Rav Menzer advised Meilech to write lyrics with an ahavas Yisrael theme set to the Kaliver niggun “Galus, Galus.” Then, less than two years ago, Meilech was at a Tosh family simchah. Motzaei Shabbos, his brother Moishe had already gone to bed, in the room they shared; but sleep eluded Meilech.
“In my head I’m daydreaming that song [Galus, Galus] and I’m ripping a mean solo. And then the song ends, and my thought starts: ‘V’uhavtu,’ the way it sounds. And I thought, wow, this is good. Okay — tomorrow. No, no, no, I won’t remember.” This internal debate continued until he reached a compromise: “B’kitzur I had to get my phone. My brother was in the room, and I didn’t want to wake him. So I whispered it into the phone. I have it on this black phone right here.”
After he finalized the words and the melody, he brought it back to Gershy Schwarcz in the studio. They recognized the potential in the song, and recorded many versions trying to find the vehicle that would give it the right boost. The version they ultimately settled on left Meilech with a feeling of unease. He approached Rav Mentzer again, this time with his concerns about the song.
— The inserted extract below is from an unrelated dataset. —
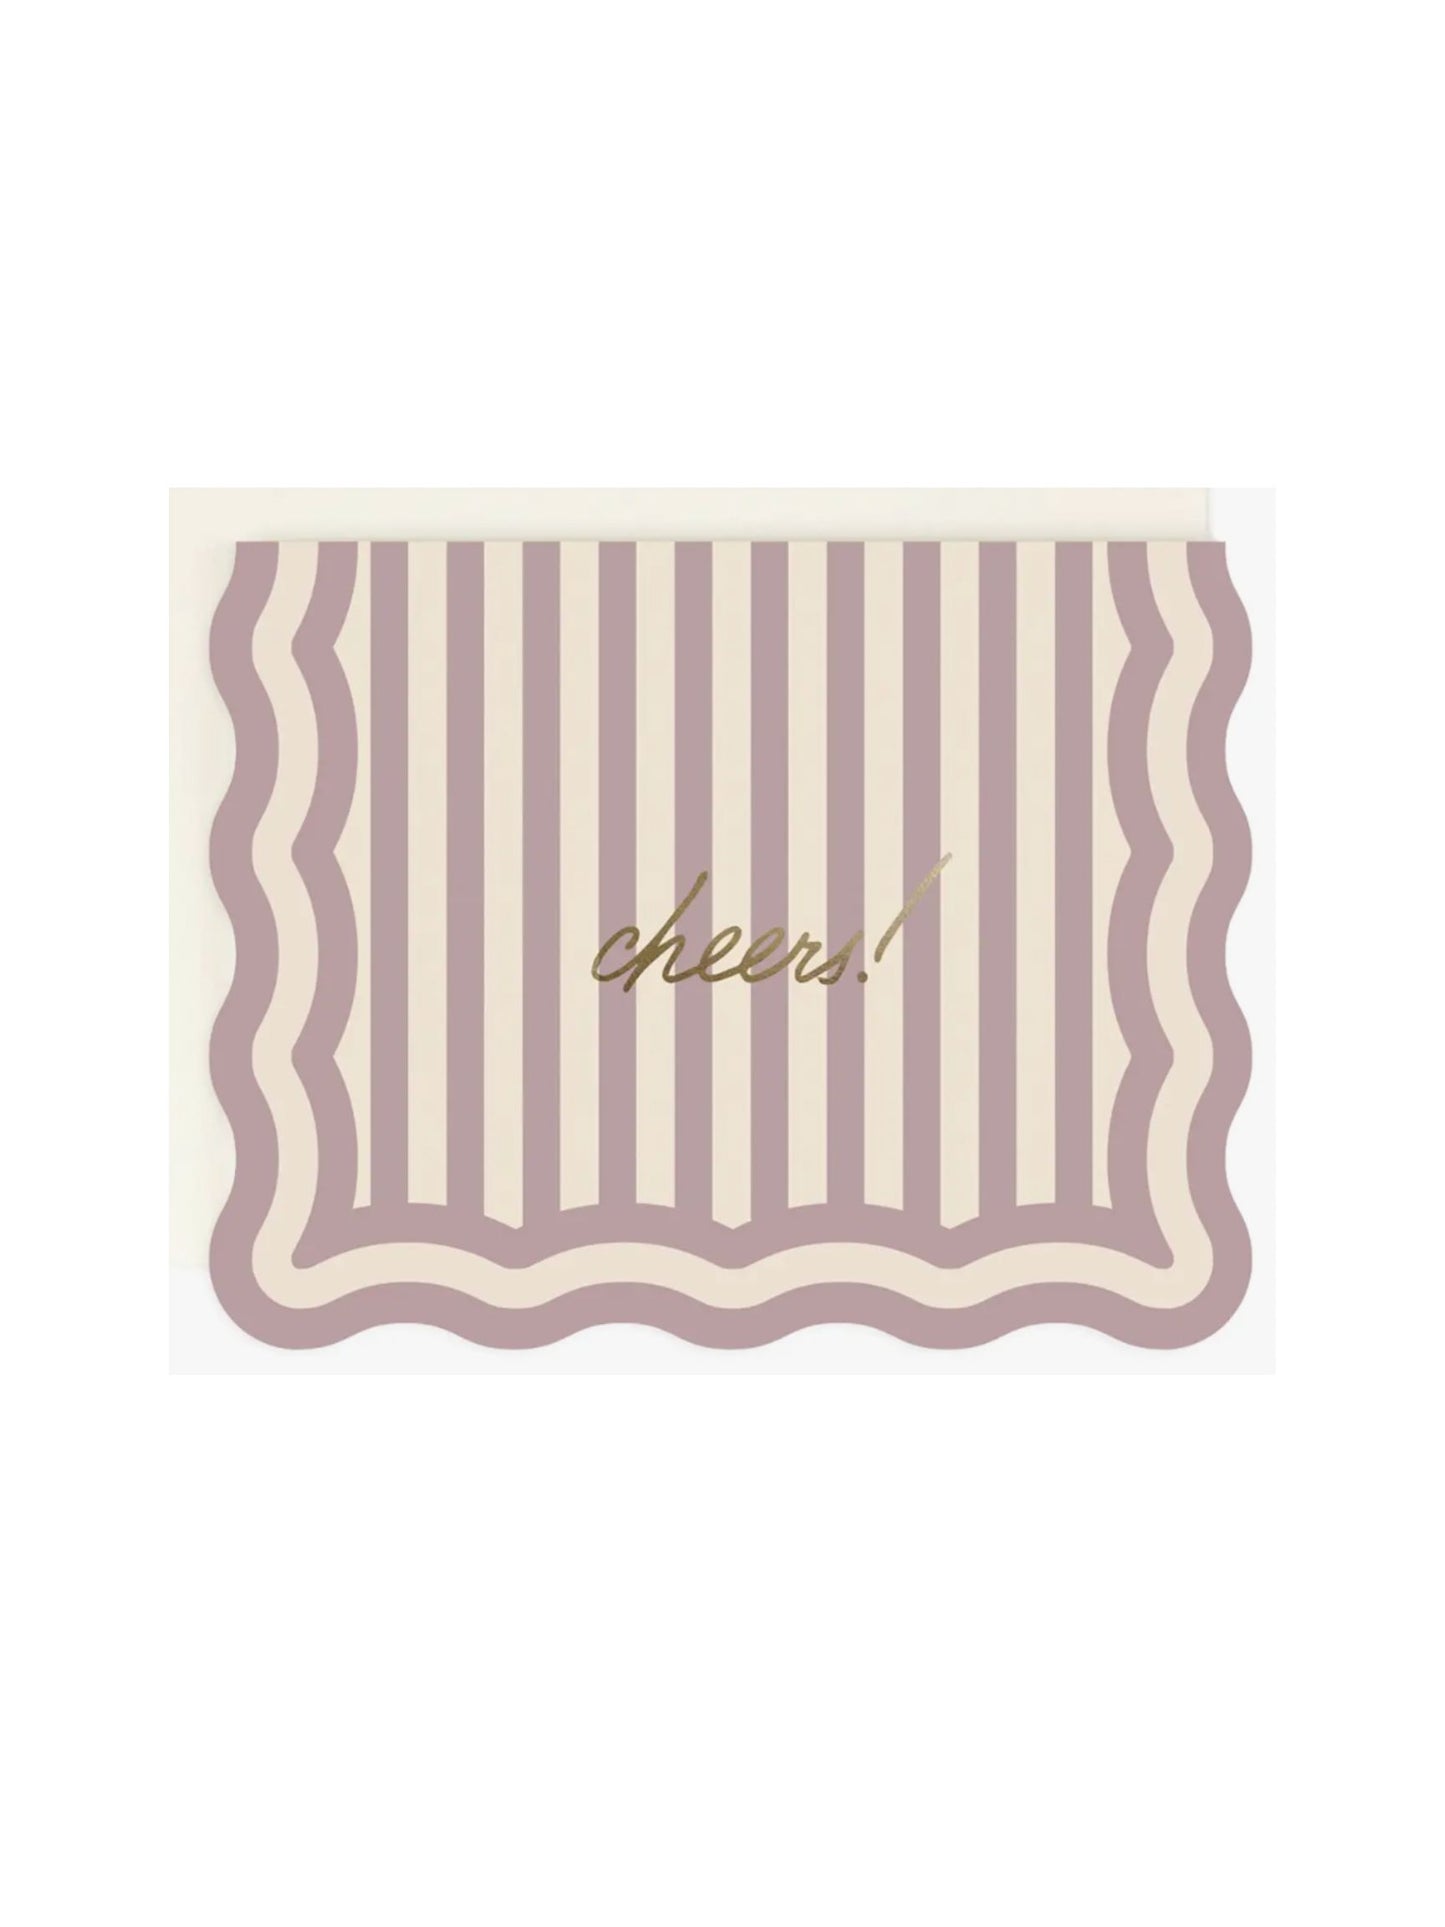 Cheers! Striped Card
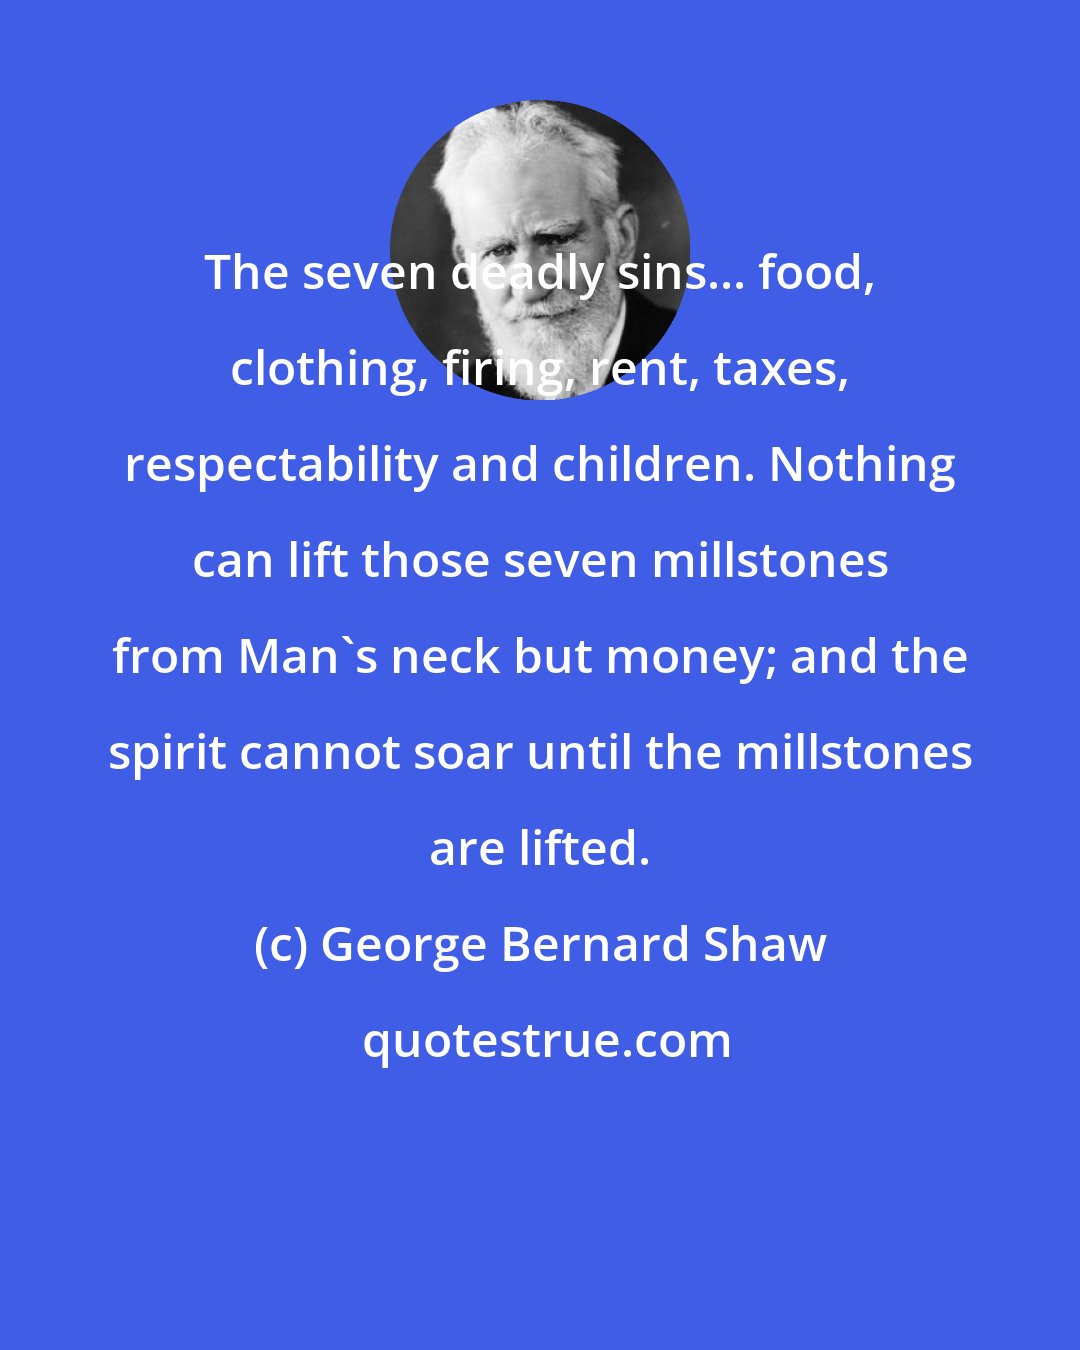 George Bernard Shaw: The seven deadly sins... food, clothing, firing, rent, taxes, respectability and children. Nothing can lift those seven millstones from Man's neck but money; and the spirit cannot soar until the millstones are lifted.

“ ‘V’uhavtu’ is not my style of music, the electronic pop,” says Meilech. “As a matter of fact, I called Rav Mentzer to tell him that the song is coming out, and in the process of making it, the music became very modern. He said, ‘You know, when you go to war, you want to make sure you know what arms your enemy has. Because if you come with sticks and your enemy has swords, you’re going to lose.’ That mamash made me embrace it. Now I get surprised by seeing the places where it’s played, the types of people who are dancing to it, but… it’s war. We have to win. We’re going to win.”
Every now and then Kohn sees a sign that a battle has been won on some front somewhere. Last week he was offered a ride, and when the person cleared off the passenger seat for him, he picked up the sefer Mishlei that lay there and told Kohn, “You’re the reason I’m learning.”
Menachem Toker offers his bird’s-eye industry perspective on Kohn’s potential role. “Because of his way of life, because he came from Satmar, and then he went down a bit and then he came back in his way — the youngsters today are always looking, fighting and looking, and someone like him who’s fought and has been searching and looking — he could be their model. This is not the generation of 20 years ago, when people went against music and against singers, like what happened with Shlomo Carlebach. This generation needs people like Meilech Kohn. Our generation, the youngsters today, need singers like him.”
Yeshivas Kochavei Ohr of Monsey posted a video online of a visit by Meilech Kohn last year. It’s a small chassidish yeshivah, for boys who don’t quite “fit in the box.” In the video Kohn briefly narrates the story of “V’uhavtu,” and then, accompanied by only a guitar (later joined by a keyboard) he begins a kumzitz rendition. The song is stripped to its bare essentials, perhaps closer to his original artistic vision. The bochurim are carried away on his first notes, their neshamos one, standing and swaying and locking arms with the staff, who have found a new tool to use when a hammer won’t work. And they all raise their voices in chorus with Meilech Kohn, singing their redemption song.
As we wind up our discussion, Mishpacha’s photographer Lior Mizrachi asks Kohn to lean forward a bit. “I need your face to be in the light.”
Meilech Kohn looks up from the guitar and smiles. “Me too.”